[Opening The data section]

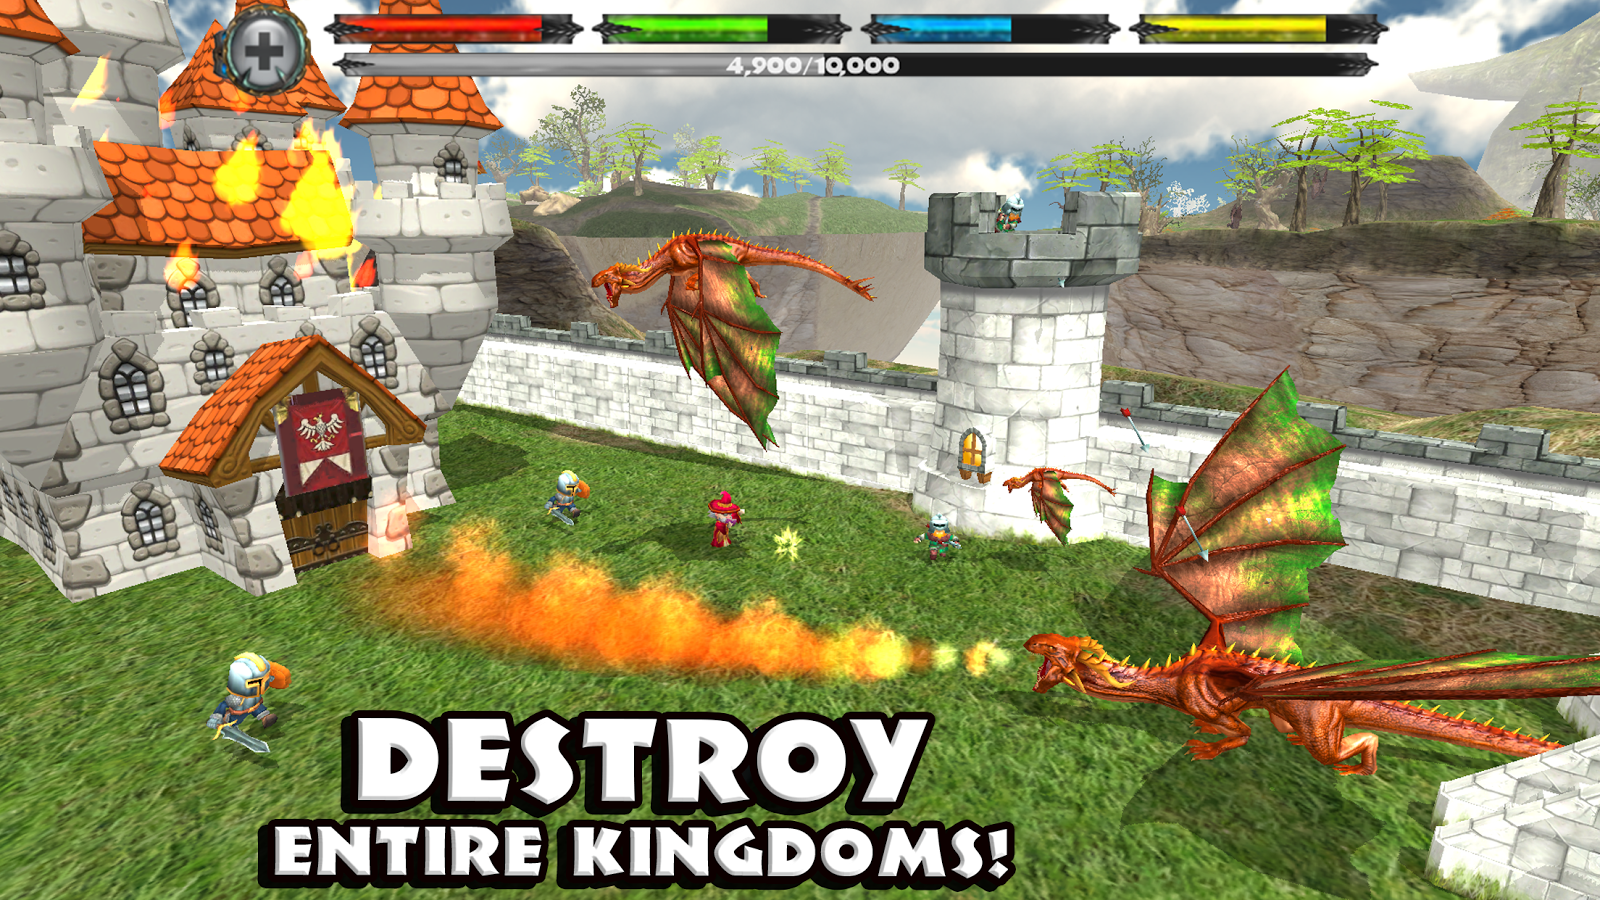 World of Dragons: Simulator - screenshot
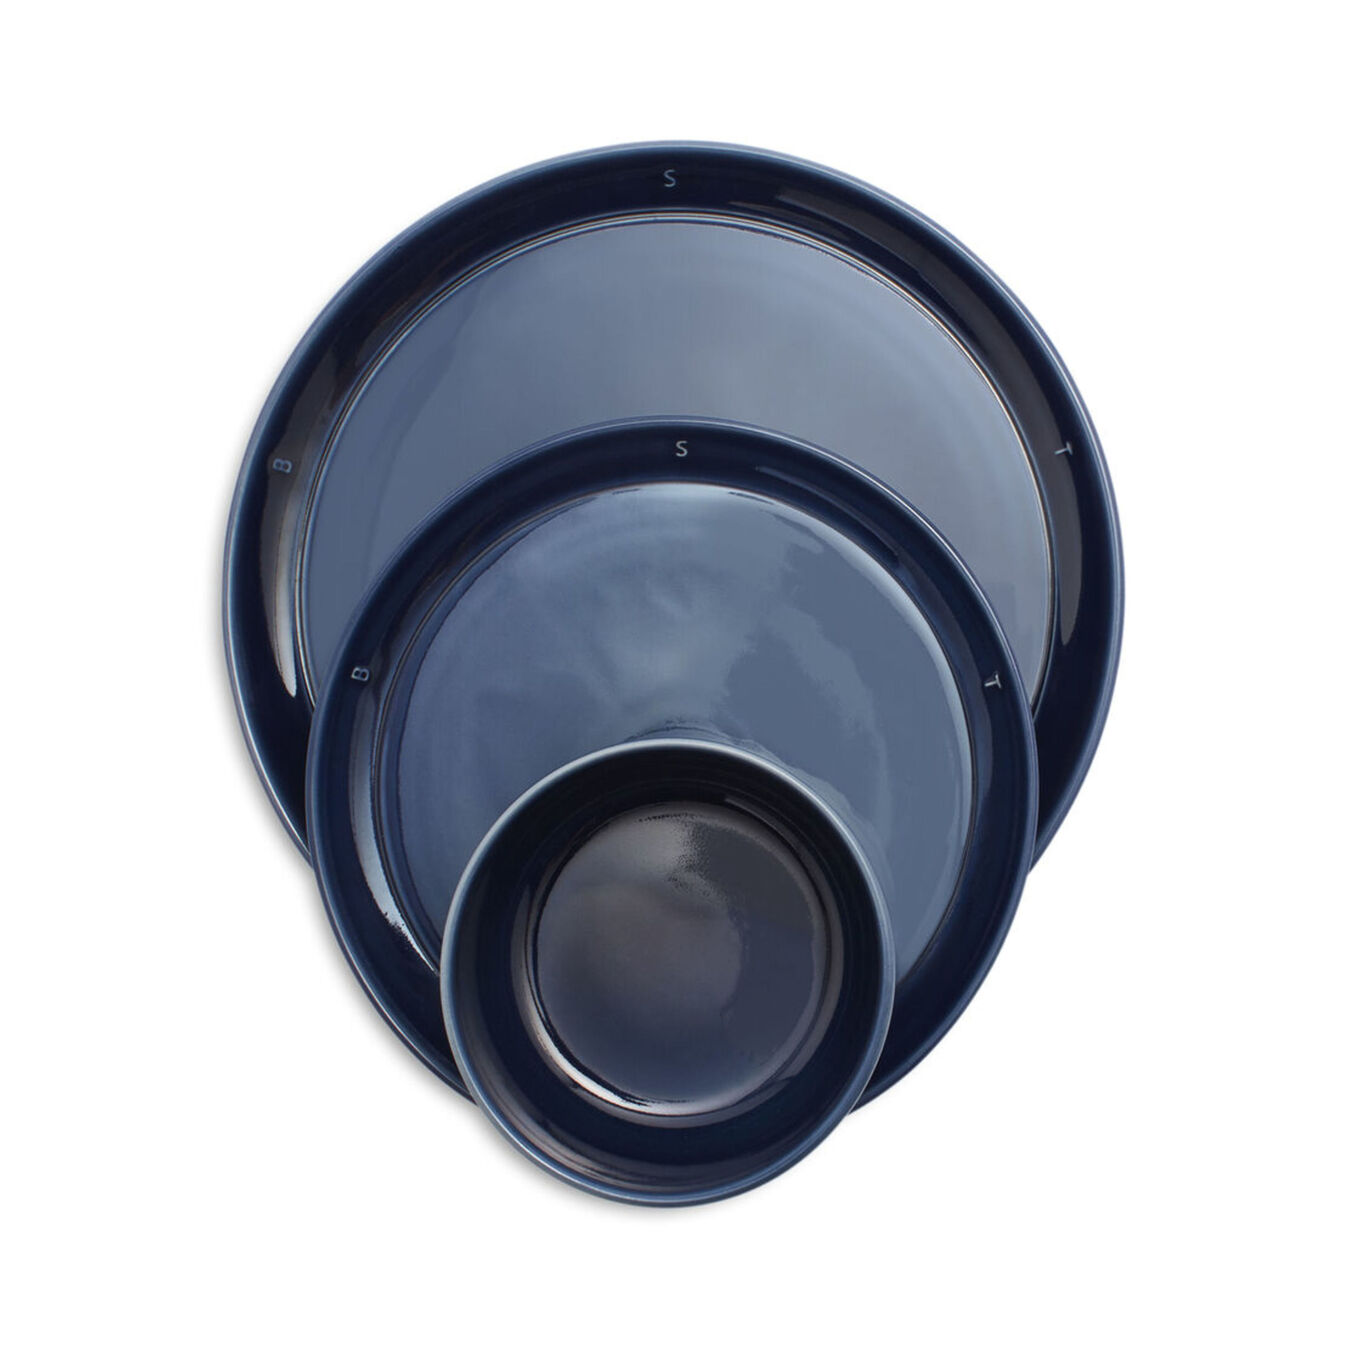 Serving set, 12 Piece | dark-blue | ceramic,,large 1
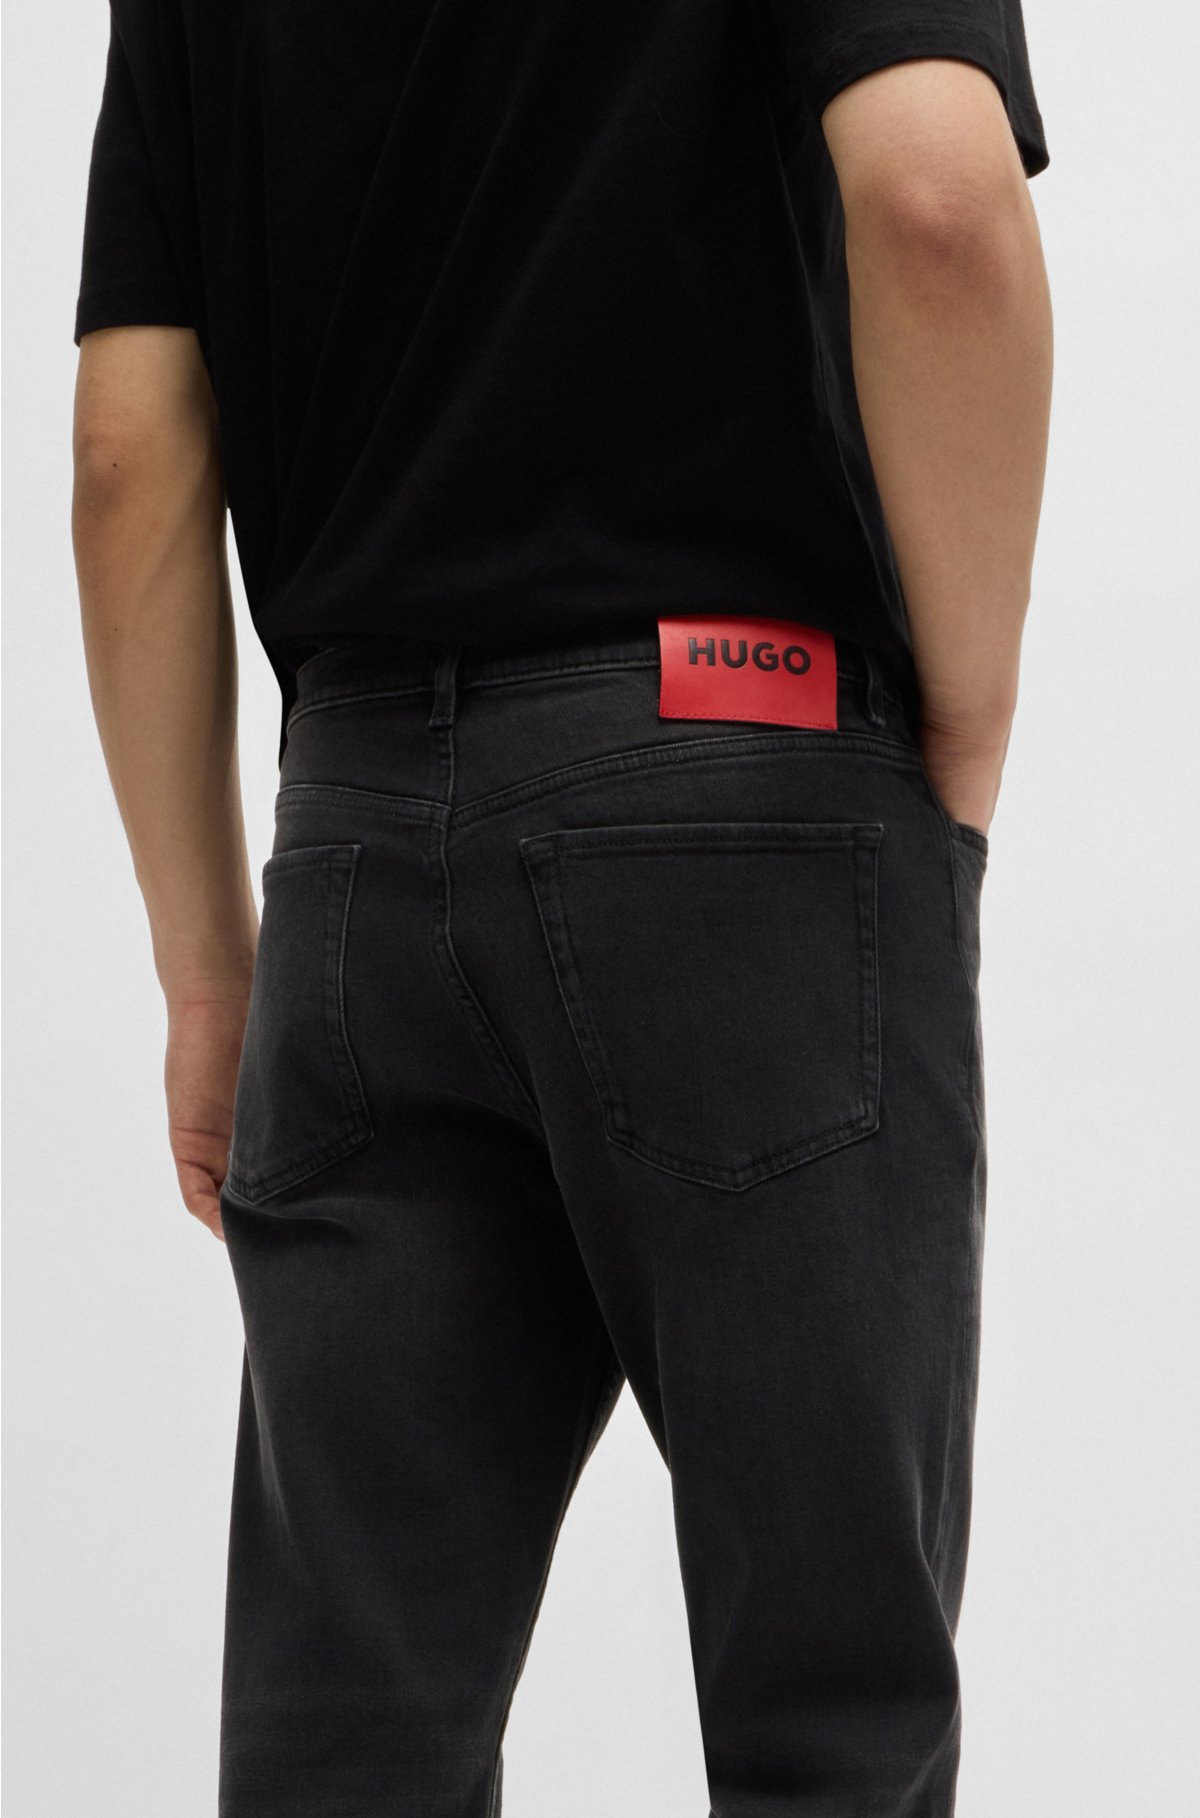 Tapered-fit jeans in black-black stretch denim, Black

[Closing The data section]

Return the whole listing word for word. Pictures stay out of it.

 World of Dragons: Simulator - screenshot
 Serving set, 12 Piece | dark-blue | ceramic,,large 1
 Tapered-fit jeans in black-black stretch denim, Black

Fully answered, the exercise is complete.